2013 x-ray of the plaintiff’s wrists showed mild arthritic changes. (Tr. 277). During an October 17, 2013 visit to the emergency room at Norwalk Hospital, an x-ray of the plaintiff’s right knee revealed minimal arthritis and chondrocalcinosis, no acute fracture or dislocation, and small to moderate joint effusion. (Tr. 424). Dr. Christopher Coyne noted that the plaintiff had “swelling” and “limited range of motion” but was “able to bear weight with [a] cane.” (Tr. 444). That same day, Dr. Gervasi noted that the plaintiff walked with an antalgic gait. (Tr. 252). 2. Records Within the Period of Disability On October 30, 2013, the plaintiff presented to Dr. Gervasi complaining of back pain “in the upper region.” (Tr. 273). Treatment notes indicate that the plaintiff had joint pain, wrist weakness, and “burning”; the plaintiff also had back pain, which was “radiating,” and a “tingling hand.” (Id.). Dr. Gervasi diagnosed the plaintiff with carpal tunnel syndrome, cervical radiculopathy, and hypercholesteremia. (Tr. 274). An MRI of the plaintiff’s lumbar spine revealed

possible L5 spondylolisthesis and unfused dorsal elements at L5. (Tr. 276). A further MRI was recommended. (Id.). On November 22, 2013, the plaintiff was treated at the Norwalk Hospital emergency room for neck pain he experienced after completing yard work. (Tr. 268, 327). The plaintiff’s cervical spine was tender upon examination. (Tr. 327). A computed tomography (“CT”) scan of the plaintiff’s cervical spine revealed no acute fractures and mild multilevel degenerative disc disease at C5-6, C6-7, and C7-T1, resulting in minimal neural foraminal narrowing at those levels. (Tr. 328, 331). The plaintiff returned to the Norwalk Hospital emergency room on December 7, 2013, complaining of neck pain. (Tr. 323). The plaintiff did not see a medical professional for back or neck pain again until December 1, 2015.

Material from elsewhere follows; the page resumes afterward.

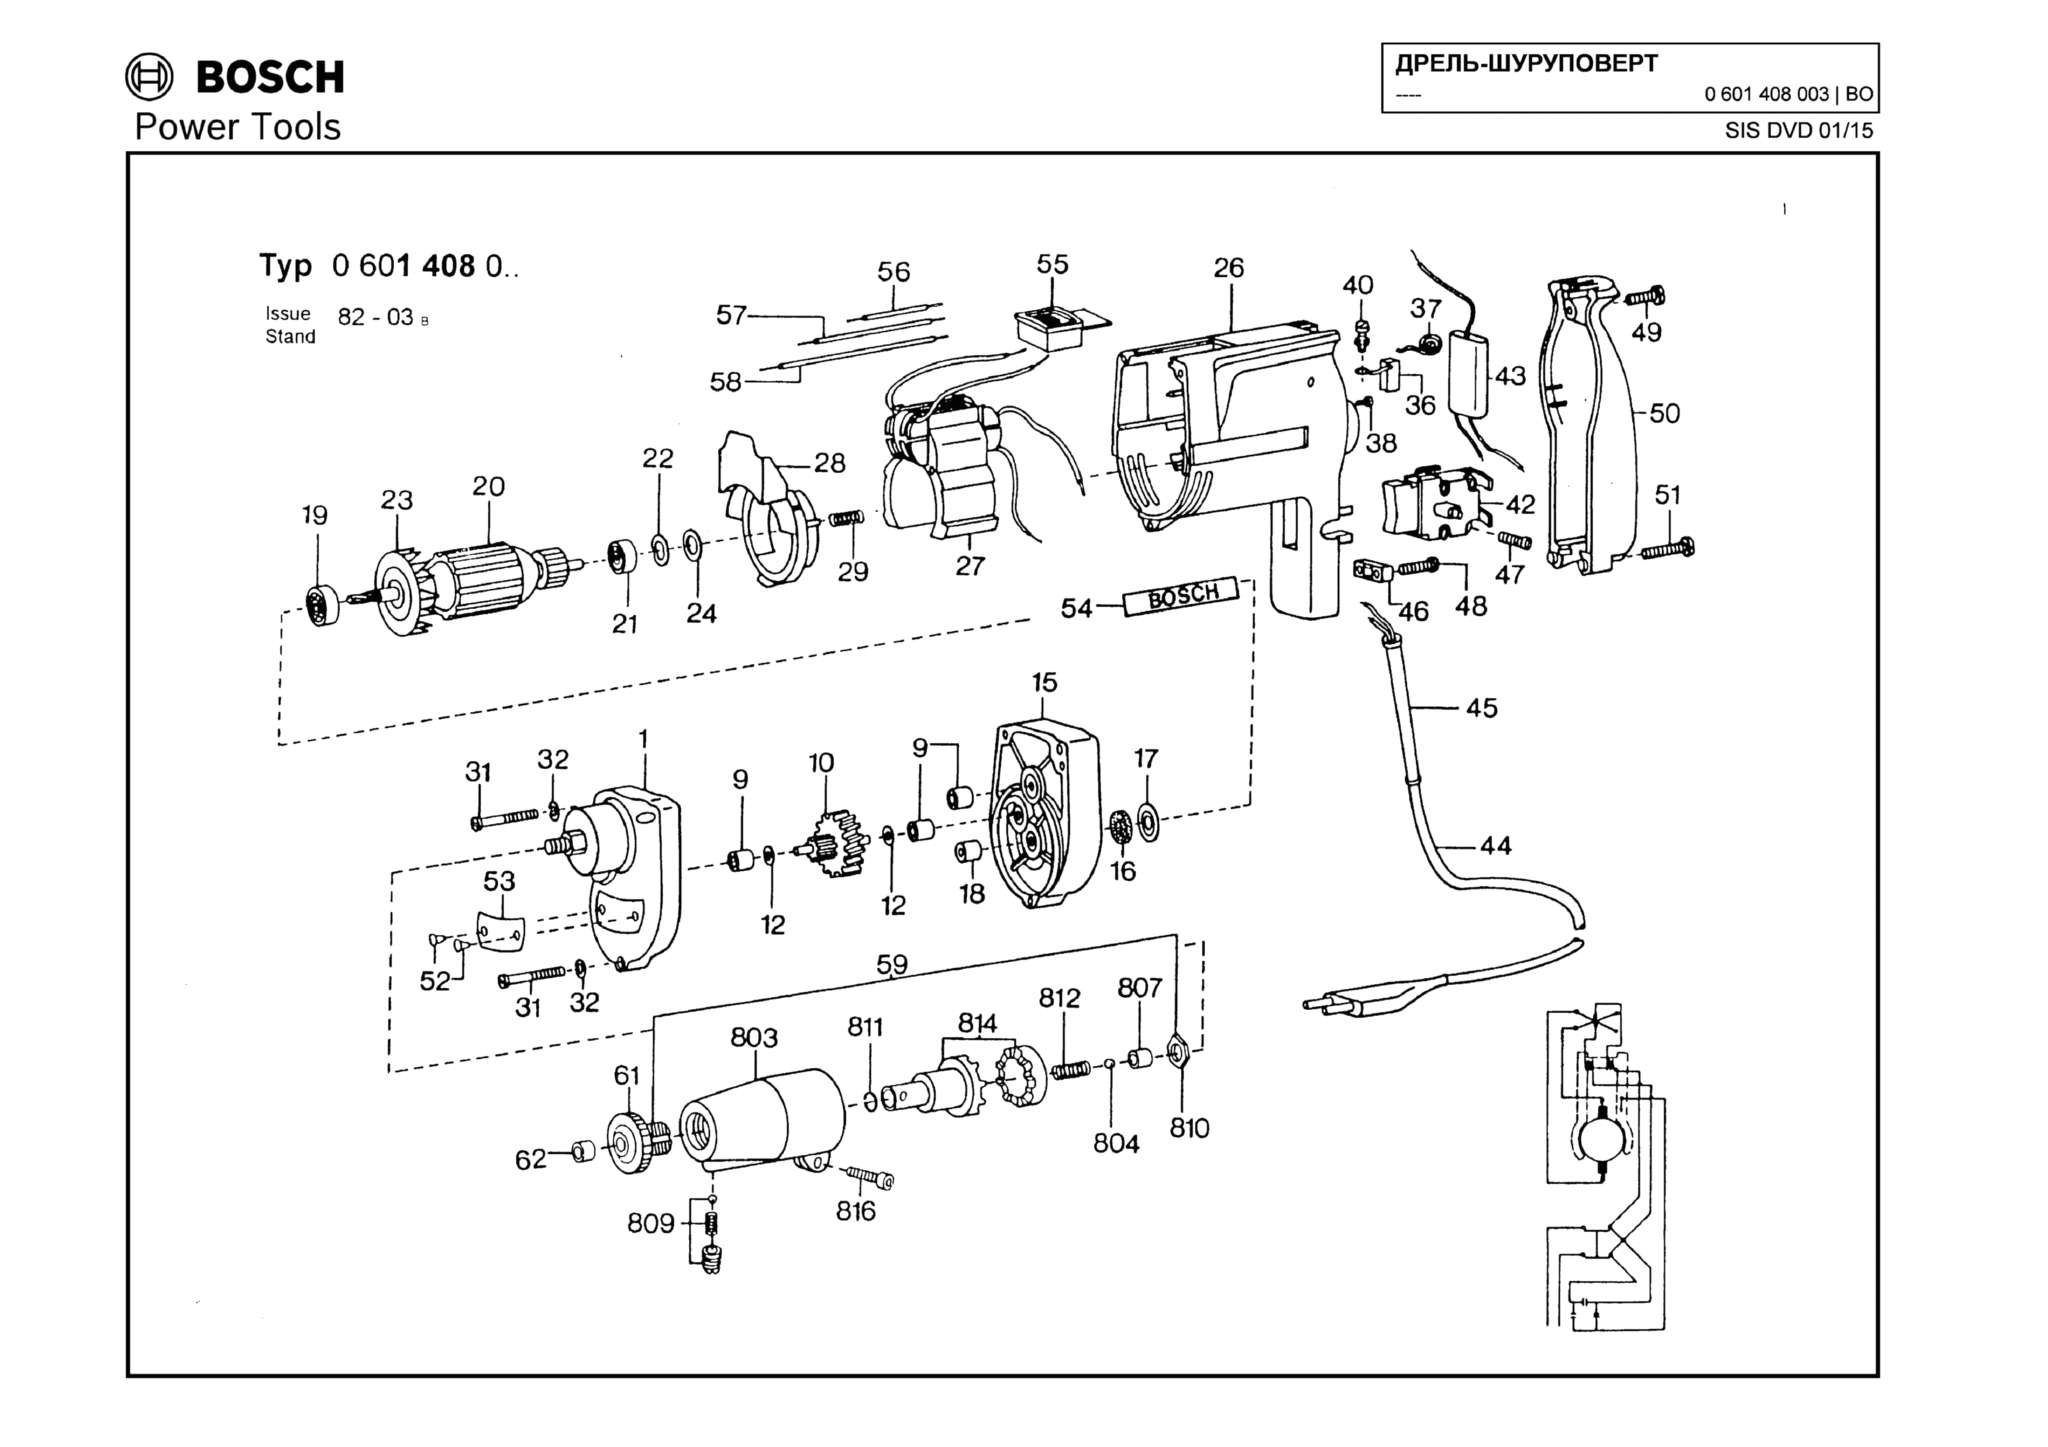 Запчасти, схема и деталировка Bosch (ТИП 0601408003)

On January 21, 2014, the plaintiff had an electrodiagnostic examination (“EMG”), which revealed no electrical evidence of carpal tunnel syndrome, neuropathy, or radiculopathy. (Tr. 260). The results of the EMG were normal. (Id.). An electroencephalogram (“EEG”) examination was performed on April 24, 2014 to evaluate the plaintiff’s seizures. (Tr. 293). Results were normal, and there were “no focal, lateralized or epileptiform features seen.” (Tr. 293). On December 12, 2014, the plaintiff saw Dr. James Thompson for a neurological consultation. (Tr. 287). The plaintiff reported that he had two seizures a month despite using anti-epileptic medication. He stated that his seizures lasted two to five minutes, and that he drove and exercised regularly. (Id.). The plaintiff’s physical examination was “neurologically unremarkable” with no evidence for antiepileptic drug toxicity. (Tr. 288). Dr.